С точки зрения толпы, добродетели – скорее исключения, а не правило. Есть «человек» и есть его «добродетели». Человек совершает добрый поступок, например, проявляет отвагу или жертвенность, – во многом так же, как платит штраф за то, что редко показывается на каких-то сборах. Его дела служат оправданием или смягчением вины за сам факт его жизни. Так, больные и умалишённые платят большие суммы за содержание. Их добродетели – это своёобразные покаянные практики. Я же не хочу каяться, а хочу жить. Пусть жизнь будет самой заурядной, лишь бы она была искренней и ровной, а не блестящей и рваной. Хочу, чтобы она была здоровой и чистой, не нуждаясь в принудительных диетах и кровопусканиях. Мне нужно главное подтверждение: ты человек, а не ссылка на твои поступки. Для меня лично неважно, совершаю ли я «образцовые» деяния или воздерживаюсь от них. Не могу согласиться платить за право, которое мне принадлежит от рождения. Пусть мои дары не слишком велики, но всё же я есть – и мне не нужно косвенных доказательств ни для себя, ни для окружающих.
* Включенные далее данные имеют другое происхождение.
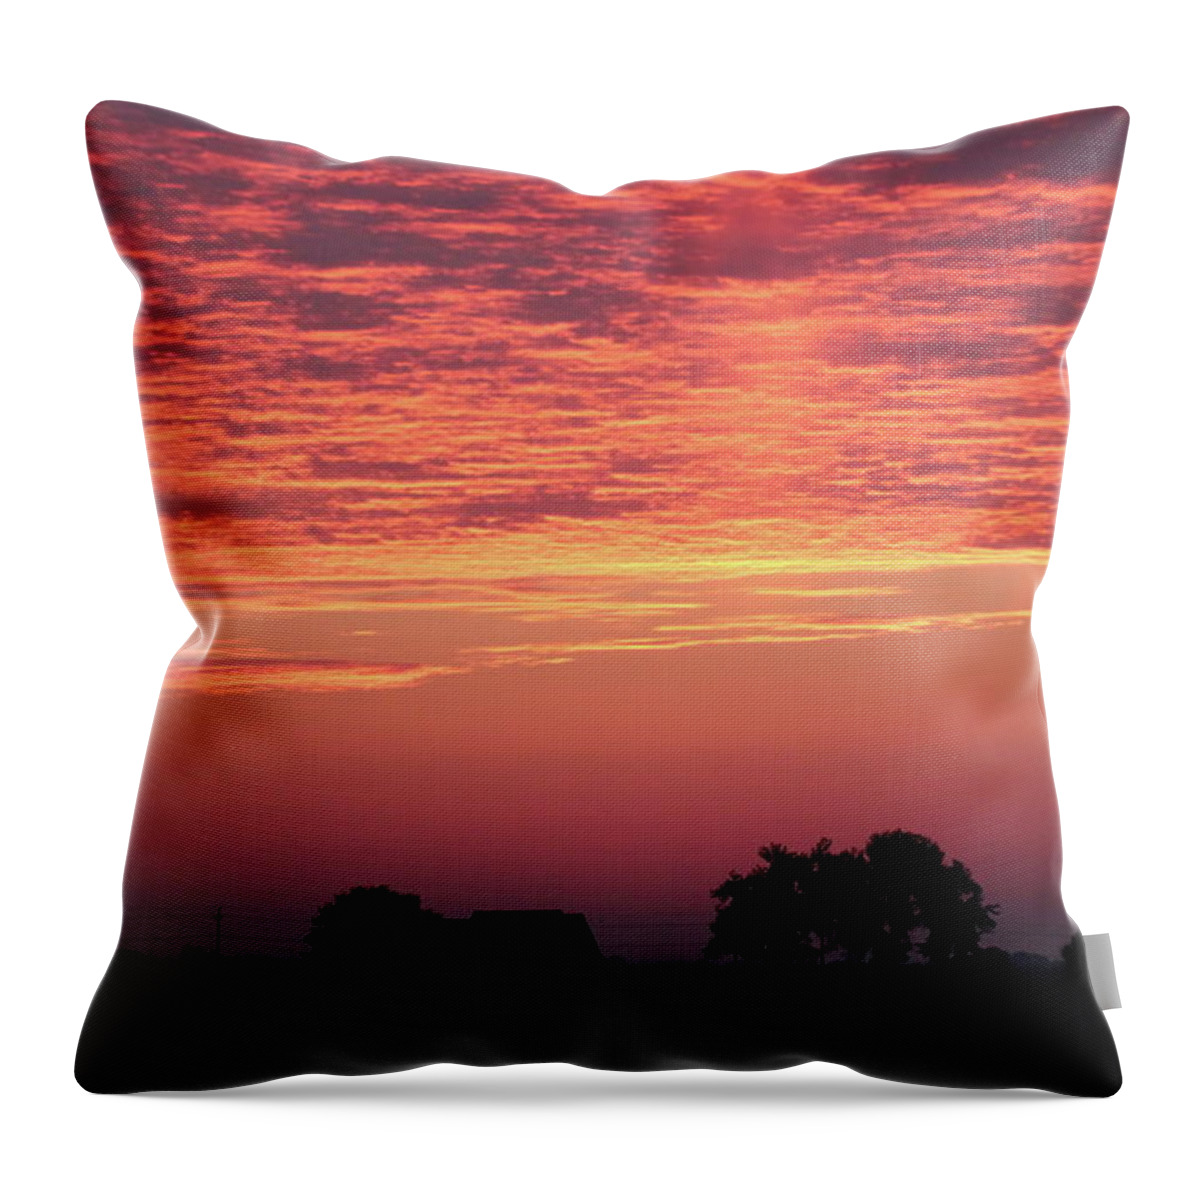 Red Throw Pillow featuring the photograph Red Sunrise by Trent Mallett

Всё, что я обязан делать, – это то, что касается меня одного, а не то, что одобряют люди. Эта максима, одинаково строгая и для практической, и для интеллектуальной жизни, определяет разницу между «великим» и «малым». Особенно это нелегко, потому что всегда найдутся те, кто считает, будто лучше меня знает, в чём мой долг. В обществе легко жить по его правилам; в уединении легко жить по собственным; но велик тот, кто в гуще толпы сохраняет милую сердцу независимость уединения.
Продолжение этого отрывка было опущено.